We walked for a while, hand in hand. You pointed out cashmere blankets of bluebells that bowed their heads as we marched past. I saw them repeat infinitely, a kaleidoscopic tessellation of my many copies of this memory, each slightly different (some faded and well worn). I remembered the bluebells infused with the smell of you.
 
After a time, we grew weary. Sweat bubbled onto our skin until our hands could no longer grasp. I rested. Sat on a worn smooth log bench facing the town where we lived, I ate, and drank, and filled myself with thoughts of you.
 
You had other places to be and went quicker than I, I couldn't make my body match yours and I lost you. The woods felt heavier, and the trees waved to me, trying to tempt me to go backwards. The leaves gossiped of me, they hissed their lies to the bluebells who now turned their faces away to speak of Eurydice.
 
I could not catch you. I fell in my distress, tumbled over a pile of stones and in the fuss they spilled over me. I lay in the dust and cried for a while. I did not understand your sudden departure. When I realised that I was alone with the sun setting weightily upon me I shook off the stones and crawled to my feet. My anxious hands attempted to brush the dirt out of my skin, to dig it out, to shake it off, but still it marked me, so I pressed onwards; decorated with my descent. 
 
It only took two corners to find sunlight again, here I rested again for a moment and you found me again.
 
You knew I was tired but would not allow me to remain. You guided me forward and we began to climb the steep incline. The taurus cluttered around us but did not harm us with their lazy looks. We struggled and staggered, so great was the hill. It stole the breath from me as I pushed my mortal body further and further.
 
When we reached the peak you stood back to let me see the view, the vast collision of sky and sea blurring blue. I could see the town again, off-kilter clusters of stone stewing in sea salt and nostalgia. I could see far off places on the other side of the water's body, places I longed to know.
 
I took in a gulp of frosted air and turned to meet you. Settled beneath a wiry tree you slept. I could not rouse you but I had gotten used to talking to you when you couldn’t reply. I knelt down as if in prayer, in my own way I was, and cried.
 
It was a big pain that followed me whenever I came to this place. It was a heart strangler and my paper body fumbled clumsily to keep going. The great escape! My tears ran out.
 
I flattened a section of grass down, remembering the times our father carried you here. I placed three pinecones on the altar, remembering the countless times that you carried me. I added baby flowers in yellow, eighteen shy little stars to remember you by. Sat in a cradle of sky and earth with the sea smashing into the side of the cliff, an ever present and real threat to take me too, I often wished it would unite us. I unlocked my chest plate and fished between my ribs until I could wrangle something out of my voice box. "I miss you" it said, and that was all, because there were no words colossal enough, no volume boisterous enough, for you to hear me.
 
I poured my misery and grief over the offerings, swamping your grave with my congealed and slithering depression.
 
As my shudders grew weaker I wiped my face and said goodbye, another annual goodbye for the scrapbook. Your hand was on my shoulder again as I rose and turned to look out across the water plains. The ocean churned and groaned a leaden murmur of change. The sun dried the streams on my cheeks and I thought that one day my tears would merge with your long lost ashes and together drop into that same sea. I wondered if I would ever return here and, answering my unspoken thought, you pulled me into the tight embrace of the sudden wind, and after that I was alone again. I walked away and whilst I looked back often, I knew that you must remain in that high ground while I pursue the fluid horizon. We would meet again, but not yet.
i wrote this for a college assignment to write something based on a personal experience.

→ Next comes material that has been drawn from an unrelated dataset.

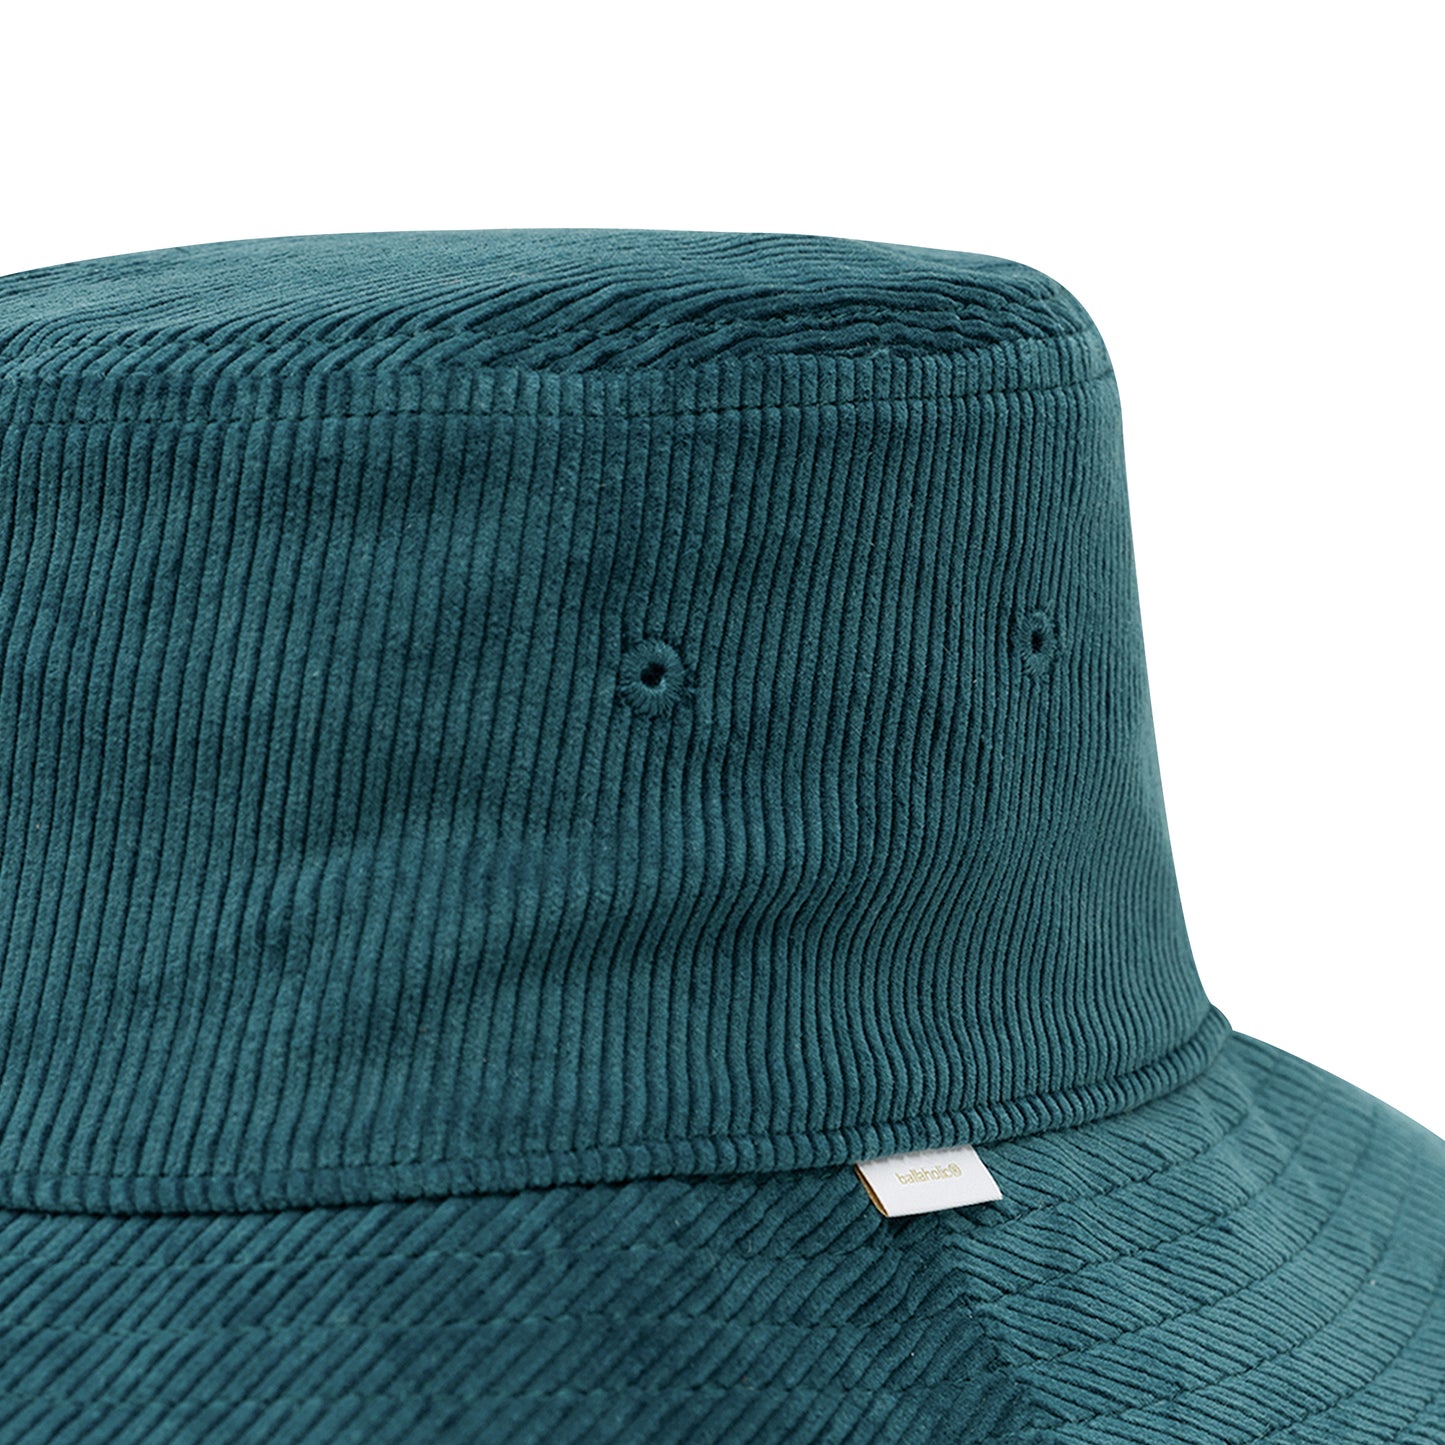 Corduroy Bucket Hat (turquoise)

I wrote this, which has many levels so if you dont wanna know, look away!

The surface layer is a description through a wood and up the side of a cliff to the top. This is a very real journey i take most years on the anniversary of my sisters death as her ashes are at the top (so she could be part of the air, sea and earth). There are details throughout this piece that are from that real annual journey. Bluebells, pinecones and primroses.

The story has a second meaning, the story of my life.

Below i have marked specific details which may be enhanced by knowing my intentions.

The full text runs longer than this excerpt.